Take, as an example, the “proof” to evolution of "vestigial" organs found in animals. This proof is based on the assumption that the scientists already have uncovered sufficient knowledge of science such that if they cannot find a reason for an organ, the reason does not exist. Not only has this assumption not been proven, it has been disproven in the past. Whale fins (and other organs) were once upon a time served up as evidence of vestigial limbs by scientists only later to discover that they indeed did not realize that they have in fact an important purpose.

That is a far, far, far cry from the touch-and-taste first-hand sensory intuitive proof that Rav Saadiah mentioned.

So Rav Saadiah’s statement clearly does not apply here. On the contrary - from the narrow scope of Rav Sadiah's flexibility, it indicates clearly that anything outside of the scope of black and white logic and intuition can not be used to reinterpret a posuk.

In addition, Rav Saadiah never said that your senses are the only factor involved in assessing the acceptability of your interpretation. Rav Saadiah was a gaon, and he was talking about interpreting the Torah in an acceptable, reasonable manner, using all the yegiah and ameilus that one uses to interpret any difficult passage. He is saying that your senses can be invoked to determine correct pshat in the Torah but he did not say that satisfying your senses is the only requirement for an acceptable pshat. Rav Saadiah did not say that you can interpret the Torah - allegorically or literally - in a way that contradicts our Torah shebal peh, Mesorah, or the Halachah, for instance, just because you cannot think of a pshat that agrees with the Mesorah. So even if theoretically something in the Torah would go against our senses, we would have to interpret the Torah according to the halachic and hashkafic due process. If we are unable to think of a pshat that squares with torah shebal peh, then we simply do not know the pshat. Not a big deal. There are a lot of difficult passages in the Torah. And as Rav Chaim Brisker said: "It is better to remain with a good question than to give a bad answer."
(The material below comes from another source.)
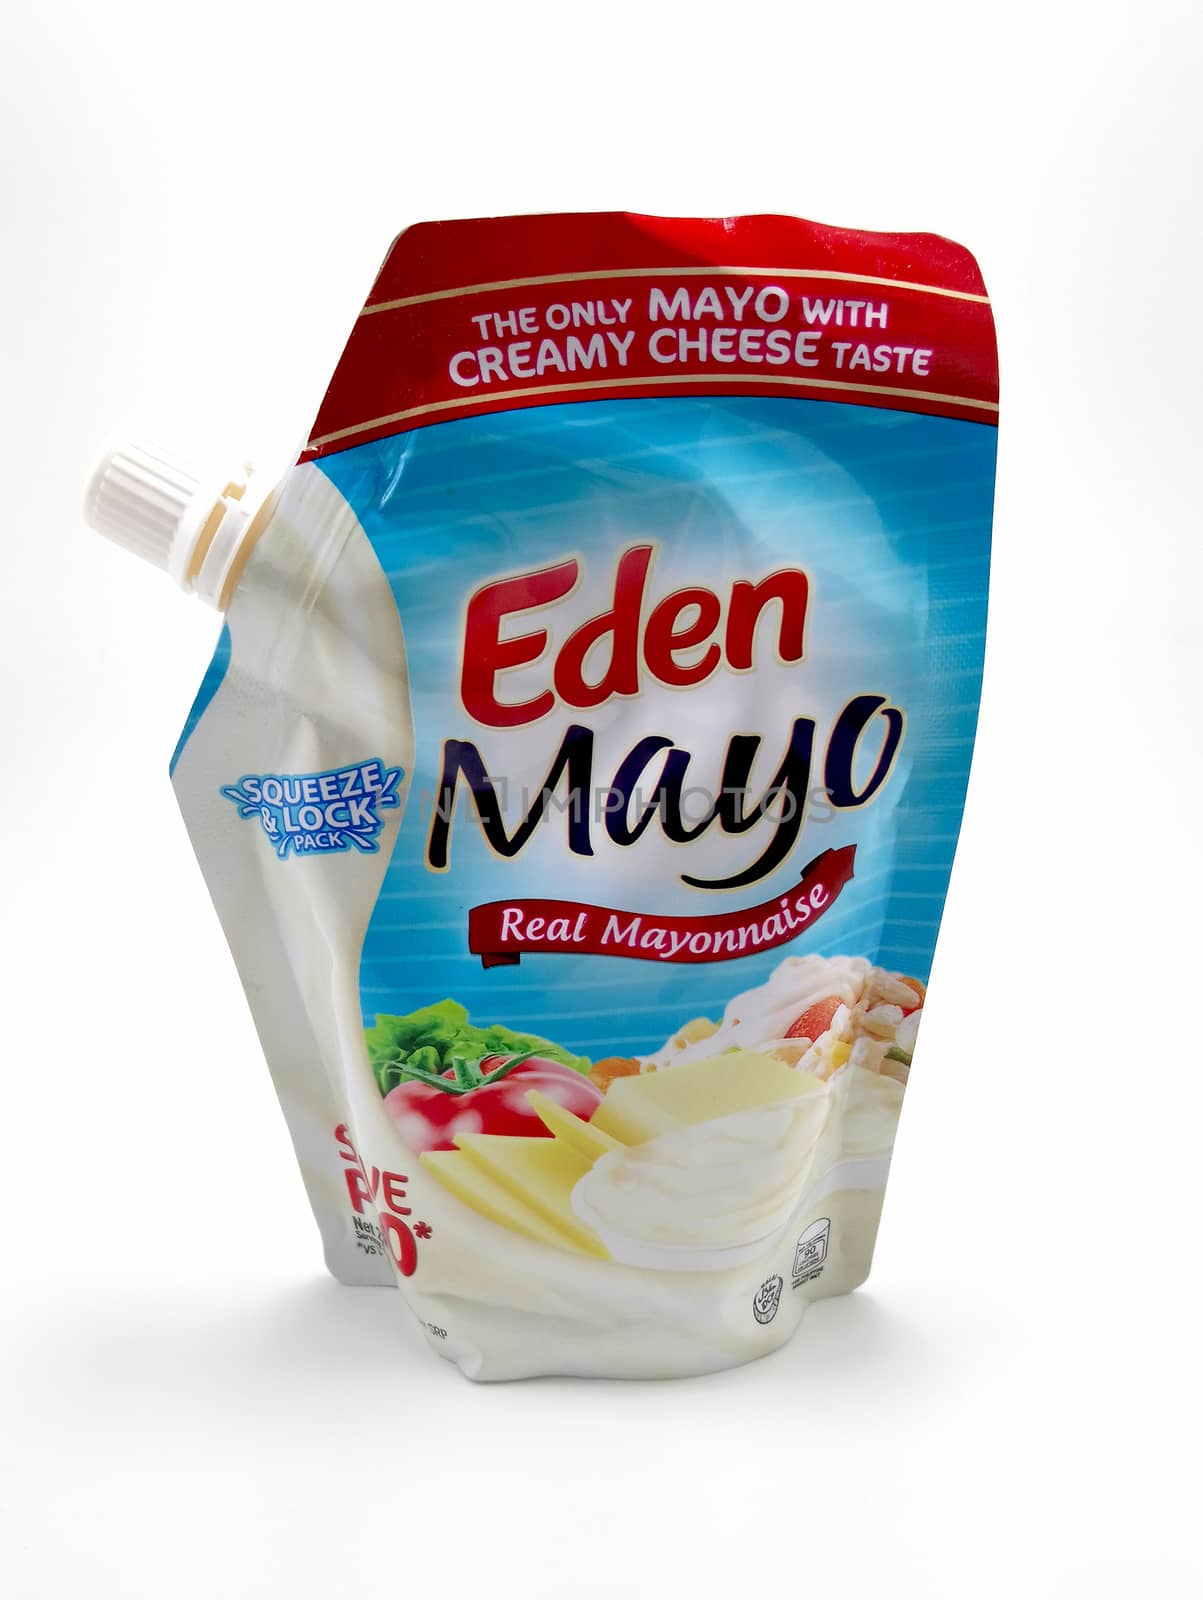 MANILA, PH - JUNE 23 - Eden mayo real mayonnaise pack on June 23, 2020 in Manila, Philippines.

So even if someone had seen Hashem create the world with the mammals first and fish later, which is what he would have to do to meet Rav Saadiah’s criteria, he would still not be entitled to answer by saying the Torah “doesn’t really mean it.” He would have to say "I don’t know what the Torah means here."

Plus, Rav Saadiah said not only that you may reinterpret a posuk if it contradicts simple logic and intuition, which is not justification for reinterpreting the Torah here, Rav Sadiah also says that license to reinterpret comes if the posuk seems to contradict rabbinic tradition.

So avoiding an absolute logical and intuitive impossibility is one reason to reinterpret, but contradicting rabbinic tradition is another.

So even if you have a posuk that meets Rav Sadiah’s criterion of being against basic logic and sensory facts, by reinterpreting it in a way that contradicts rabbinic tradition you have not followed Rav Sadiah. All you have done is traded one impossibility for another, which is not what Rav Saddiah is allowing.

To fulfill Rav Sadiah, you’d have to reinterpret the posuk in a way that squares with Rabbinic tradition. If you can’t, then you simply must say "I don’t know."

To take scientific evidence and theories – which is NOT within the scope of Rav Saadiah's criteria –and reinterpreted pesukim to make them contradict Rabbinic tradition, is not only outside of the scope of what Rav Sadiah said was permitted, but, according to Rav Sadiah’s statement, it is making things much worse than they were before.